Por Ricardo Giuliani Neto, mestre e doutor em Direito, artista plástico, escritor
Dia desses um leitão foi salvo dos alemães por uma liminar urgente despachada por um desembargador do Rio Grande. Deu no jornal.
Neste entretempo, uma senhora de noventa e tantos anos aguardava, há dezenas de dias, por decisão judicial que lhe permitisse prolongar a já longeva existência. O MP/RS, em regular procedimento, identificara e recomendara cuidados essenciais. A velha – e o tempo lhe consumiu os entes queridos –, (sobre)vive na epidemia contemporânea da solidão. Acorreu-lhe um sobrinho, filho da irmã mais nova, 86 anos vividos, para que a mais velha não soçobrasse na escuridão e no ocaso. Com ela havia estado duas ou três vezes na vida, não mais, e foi ao juiz para pedir cuidados e assistência.
No morro, 350 crianças padecem pela não-ação de um órgão público que não fez o que deveria no tempo certo. Desde sempre, há 50 anos, a ação social da entidade que as abriga é reconhecida e respeitada por todos. Pela incúria da autoridade pública, a "conta" será paga pelas crianças. A falta da tal certidão – CND – impede o recebimento dos recursos que alimentam, educam e acolhem os rebentos. Pediu-se juiz ao caso.
O direito virou barbárie e crianças, velhos e leitões continuam desiguais. A equidade, o senso de equilíbrio e de utilidade na aplicação da lei perderam-se num (in)compreensível mundo de convicções e solipsismos judiciários. Firulas e "argumentos de autoridade", exóticos aos estudiosos, tem vindo ornamentados por ensimesmamentos e descompromisso; nos restou a libertação dos leitões e das tripas fazer coração para salvar os humanos das iniquidades e do sistema, a cada dia mais autocentrado.

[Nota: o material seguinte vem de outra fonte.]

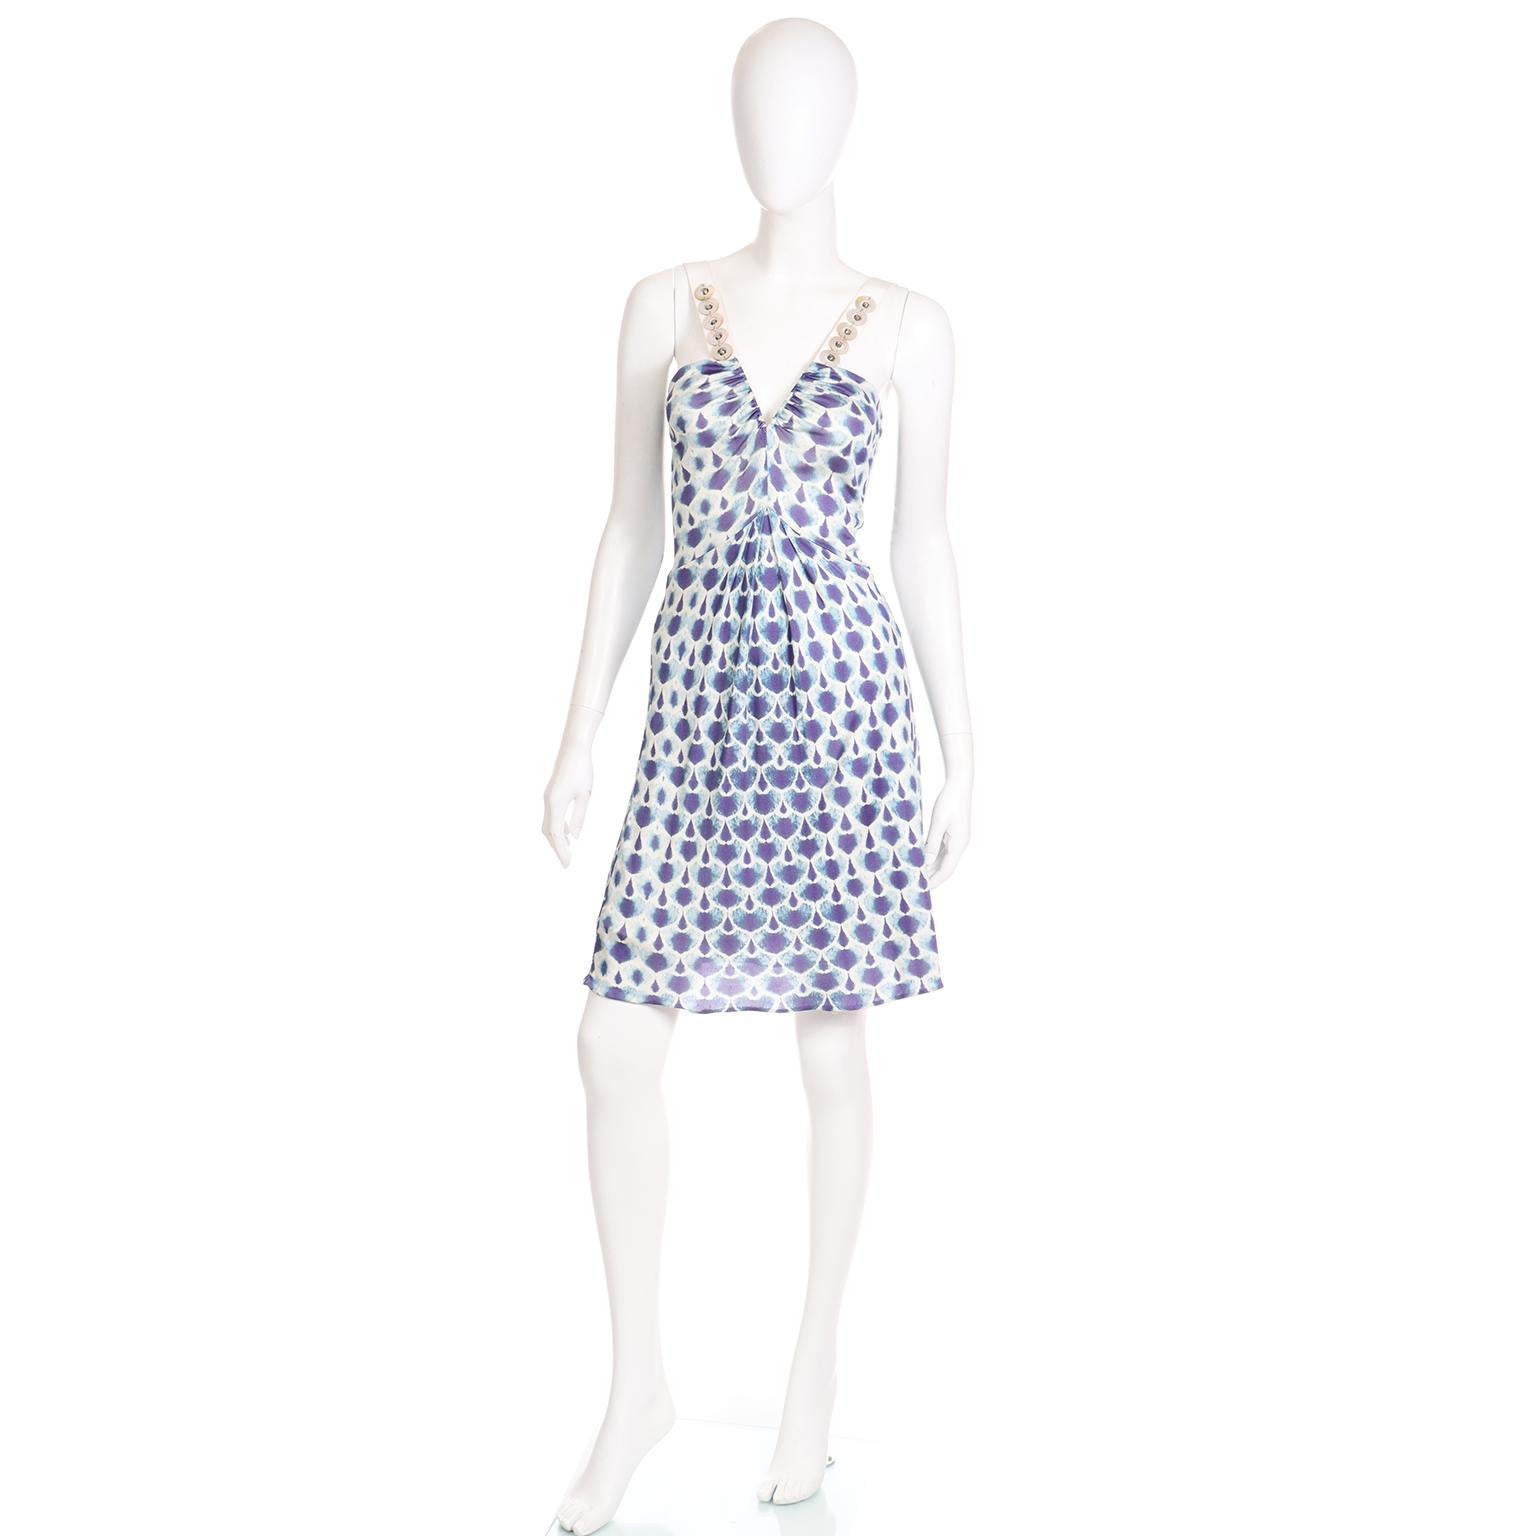 This pretty Alberta Ferretti early 2000's dress would be perfect to take on that summer vacation! The dress slips overhead and has a low V front with gathered bust. The rayon jersey abstract print is in shades of blue, ivory and purple. We love the

Pobre leitão liberto! "Salvo" pelo justo, fostes mandado para o presunto que empanturrará as mesas dos justos e dos solitários convictos. E não me diga que me disseram, tirando o finado leitão, destas contendas, participei e perdi: com a velha, com as crianças e com o leitão, creia, restar-nos-á adornar mesas para os que ainda podem comer, sobreviver e esvaziar a "Justiça".